-- WHAT TO PRODUCE --
Output only the lines from the start of the entries through the line holding "NASCAR: Aug 26 Irwin Tools Night Race". Each line must match the original exactly.

··· DATA SUPPLIED ···

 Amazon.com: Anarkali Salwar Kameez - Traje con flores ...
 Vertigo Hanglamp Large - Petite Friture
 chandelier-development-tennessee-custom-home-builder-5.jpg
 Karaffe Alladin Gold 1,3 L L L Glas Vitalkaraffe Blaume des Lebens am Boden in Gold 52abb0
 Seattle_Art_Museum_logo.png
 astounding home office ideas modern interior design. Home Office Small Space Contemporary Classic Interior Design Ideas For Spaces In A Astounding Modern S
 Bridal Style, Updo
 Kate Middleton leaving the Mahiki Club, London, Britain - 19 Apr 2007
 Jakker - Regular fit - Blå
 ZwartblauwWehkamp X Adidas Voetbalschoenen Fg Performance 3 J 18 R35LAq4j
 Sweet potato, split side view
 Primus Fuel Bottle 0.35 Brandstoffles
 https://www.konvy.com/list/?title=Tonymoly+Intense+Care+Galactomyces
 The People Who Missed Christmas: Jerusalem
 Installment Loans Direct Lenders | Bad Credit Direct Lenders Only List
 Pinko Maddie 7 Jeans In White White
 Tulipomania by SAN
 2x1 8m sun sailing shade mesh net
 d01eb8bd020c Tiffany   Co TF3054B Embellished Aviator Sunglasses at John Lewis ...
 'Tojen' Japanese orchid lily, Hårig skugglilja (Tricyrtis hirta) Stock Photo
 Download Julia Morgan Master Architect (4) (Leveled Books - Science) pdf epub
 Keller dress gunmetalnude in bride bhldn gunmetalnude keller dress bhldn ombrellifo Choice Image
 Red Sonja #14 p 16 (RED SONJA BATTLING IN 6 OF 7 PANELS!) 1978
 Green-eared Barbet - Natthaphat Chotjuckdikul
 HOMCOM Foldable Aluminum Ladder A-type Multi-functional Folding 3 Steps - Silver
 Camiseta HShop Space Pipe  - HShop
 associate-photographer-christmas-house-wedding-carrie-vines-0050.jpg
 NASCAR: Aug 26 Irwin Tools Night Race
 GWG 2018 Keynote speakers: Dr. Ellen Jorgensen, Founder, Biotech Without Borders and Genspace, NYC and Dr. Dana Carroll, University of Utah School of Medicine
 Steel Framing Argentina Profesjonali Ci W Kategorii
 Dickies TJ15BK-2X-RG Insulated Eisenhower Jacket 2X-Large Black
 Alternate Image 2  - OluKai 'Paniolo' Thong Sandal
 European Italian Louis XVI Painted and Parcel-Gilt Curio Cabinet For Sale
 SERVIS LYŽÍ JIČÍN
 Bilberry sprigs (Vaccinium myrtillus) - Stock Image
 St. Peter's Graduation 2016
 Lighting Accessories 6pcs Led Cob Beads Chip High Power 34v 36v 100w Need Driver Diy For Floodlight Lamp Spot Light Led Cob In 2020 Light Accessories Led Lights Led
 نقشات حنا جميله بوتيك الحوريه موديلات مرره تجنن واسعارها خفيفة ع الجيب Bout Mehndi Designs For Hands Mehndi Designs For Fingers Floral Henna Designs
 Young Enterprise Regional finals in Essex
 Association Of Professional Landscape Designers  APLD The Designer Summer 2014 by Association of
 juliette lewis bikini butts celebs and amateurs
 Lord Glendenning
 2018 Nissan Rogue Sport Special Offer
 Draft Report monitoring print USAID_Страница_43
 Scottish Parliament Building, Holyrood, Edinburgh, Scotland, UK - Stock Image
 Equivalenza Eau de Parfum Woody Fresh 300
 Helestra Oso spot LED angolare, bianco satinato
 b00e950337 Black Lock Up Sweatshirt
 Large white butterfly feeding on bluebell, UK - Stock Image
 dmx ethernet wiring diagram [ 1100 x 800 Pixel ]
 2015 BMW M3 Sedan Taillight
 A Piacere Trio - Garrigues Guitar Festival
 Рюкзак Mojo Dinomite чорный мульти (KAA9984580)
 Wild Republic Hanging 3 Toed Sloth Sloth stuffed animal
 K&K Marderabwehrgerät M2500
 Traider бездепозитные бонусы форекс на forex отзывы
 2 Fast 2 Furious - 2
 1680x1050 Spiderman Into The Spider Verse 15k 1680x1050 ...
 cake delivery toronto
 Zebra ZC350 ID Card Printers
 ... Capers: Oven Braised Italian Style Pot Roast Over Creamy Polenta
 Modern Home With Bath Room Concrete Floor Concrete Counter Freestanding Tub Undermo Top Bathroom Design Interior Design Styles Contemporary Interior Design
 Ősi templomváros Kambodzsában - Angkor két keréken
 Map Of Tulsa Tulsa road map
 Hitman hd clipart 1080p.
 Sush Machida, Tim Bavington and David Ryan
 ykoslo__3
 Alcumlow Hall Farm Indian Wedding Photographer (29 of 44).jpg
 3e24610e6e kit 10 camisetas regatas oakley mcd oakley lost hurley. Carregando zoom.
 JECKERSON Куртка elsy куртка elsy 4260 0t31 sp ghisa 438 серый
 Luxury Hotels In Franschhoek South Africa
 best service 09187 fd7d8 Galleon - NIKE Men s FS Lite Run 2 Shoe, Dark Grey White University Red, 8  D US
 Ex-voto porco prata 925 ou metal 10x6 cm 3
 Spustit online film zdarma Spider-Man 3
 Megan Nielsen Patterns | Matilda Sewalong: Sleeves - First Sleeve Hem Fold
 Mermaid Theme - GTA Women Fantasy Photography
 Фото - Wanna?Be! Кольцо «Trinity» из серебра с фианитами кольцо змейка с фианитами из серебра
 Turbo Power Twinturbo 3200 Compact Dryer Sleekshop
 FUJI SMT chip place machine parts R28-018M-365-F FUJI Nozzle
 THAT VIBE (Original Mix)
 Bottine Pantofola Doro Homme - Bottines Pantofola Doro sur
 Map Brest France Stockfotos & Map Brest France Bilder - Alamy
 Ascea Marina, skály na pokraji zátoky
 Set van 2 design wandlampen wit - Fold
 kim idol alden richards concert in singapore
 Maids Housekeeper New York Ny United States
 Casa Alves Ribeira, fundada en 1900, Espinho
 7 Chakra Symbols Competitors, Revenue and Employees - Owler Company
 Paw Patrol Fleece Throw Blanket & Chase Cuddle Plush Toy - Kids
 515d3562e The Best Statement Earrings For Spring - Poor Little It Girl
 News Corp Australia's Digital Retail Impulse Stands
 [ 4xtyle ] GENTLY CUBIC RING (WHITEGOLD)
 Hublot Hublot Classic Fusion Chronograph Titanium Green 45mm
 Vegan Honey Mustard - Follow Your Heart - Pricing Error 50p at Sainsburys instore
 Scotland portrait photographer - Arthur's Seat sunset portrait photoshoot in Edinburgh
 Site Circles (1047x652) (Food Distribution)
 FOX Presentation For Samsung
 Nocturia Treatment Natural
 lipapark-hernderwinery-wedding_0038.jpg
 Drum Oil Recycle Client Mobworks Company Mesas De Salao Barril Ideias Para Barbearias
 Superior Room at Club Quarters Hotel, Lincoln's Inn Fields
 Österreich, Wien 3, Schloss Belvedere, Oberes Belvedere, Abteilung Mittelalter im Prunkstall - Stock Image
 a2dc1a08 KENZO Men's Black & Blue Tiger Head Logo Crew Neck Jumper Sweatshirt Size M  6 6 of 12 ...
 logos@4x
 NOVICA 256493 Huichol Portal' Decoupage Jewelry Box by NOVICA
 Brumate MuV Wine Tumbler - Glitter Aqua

···

-- REPLY TO THE EXERCISE --
 Amazon.com: Anarkali Salwar Kameez - Traje con flores ...
 Vertigo Hanglamp Large - Petite Friture
 chandelier-development-tennessee-custom-home-builder-5.jpg
 Karaffe Alladin Gold 1,3 L L L Glas Vitalkaraffe Blaume des Lebens am Boden in Gold 52abb0
 Seattle_Art_Museum_logo.png
 astounding home office ideas modern interior design. Home Office Small Space Contemporary Classic Interior Design Ideas For Spaces In A Astounding Modern S
 Bridal Style, Updo
 Kate Middleton leaving the Mahiki Club, London, Britain - 19 Apr 2007
 Jakker - Regular fit - Blå
 ZwartblauwWehkamp X Adidas Voetbalschoenen Fg Performance 3 J 18 R35LAq4j
 Sweet potato, split side view
 Primus Fuel Bottle 0.35 Brandstoffles
 https://www.konvy.com/list/?title=Tonymoly+Intense+Care+Galactomyces
 The People Who Missed Christmas: Jerusalem
 Installment Loans Direct Lenders | Bad Credit Direct Lenders Only List
 Pinko Maddie 7 Jeans In White White
 Tulipomania by SAN
 2x1 8m sun sailing shade mesh net
 d01eb8bd020c Tiffany   Co TF3054B Embellished Aviator Sunglasses at John Lewis ...
 'Tojen' Japanese orchid lily, Hårig skugglilja (Tricyrtis hirta) Stock Photo
 Download Julia Morgan Master Architect (4) (Leveled Books - Science) pdf epub
 Keller dress gunmetalnude in bride bhldn gunmetalnude keller dress bhldn ombrellifo Choice Image
 Red Sonja #14 p 16 (RED SONJA BATTLING IN 6 OF 7 PANELS!) 1978
 Green-eared Barbet - Natthaphat Chotjuckdikul
 HOMCOM Foldable Aluminum Ladder A-type Multi-functional Folding 3 Steps - Silver
 Camiseta HShop Space Pipe  - HShop
 associate-photographer-christmas-house-wedding-carrie-vines-0050.jpg
 NASCAR: Aug 26 Irwin Tools Night Race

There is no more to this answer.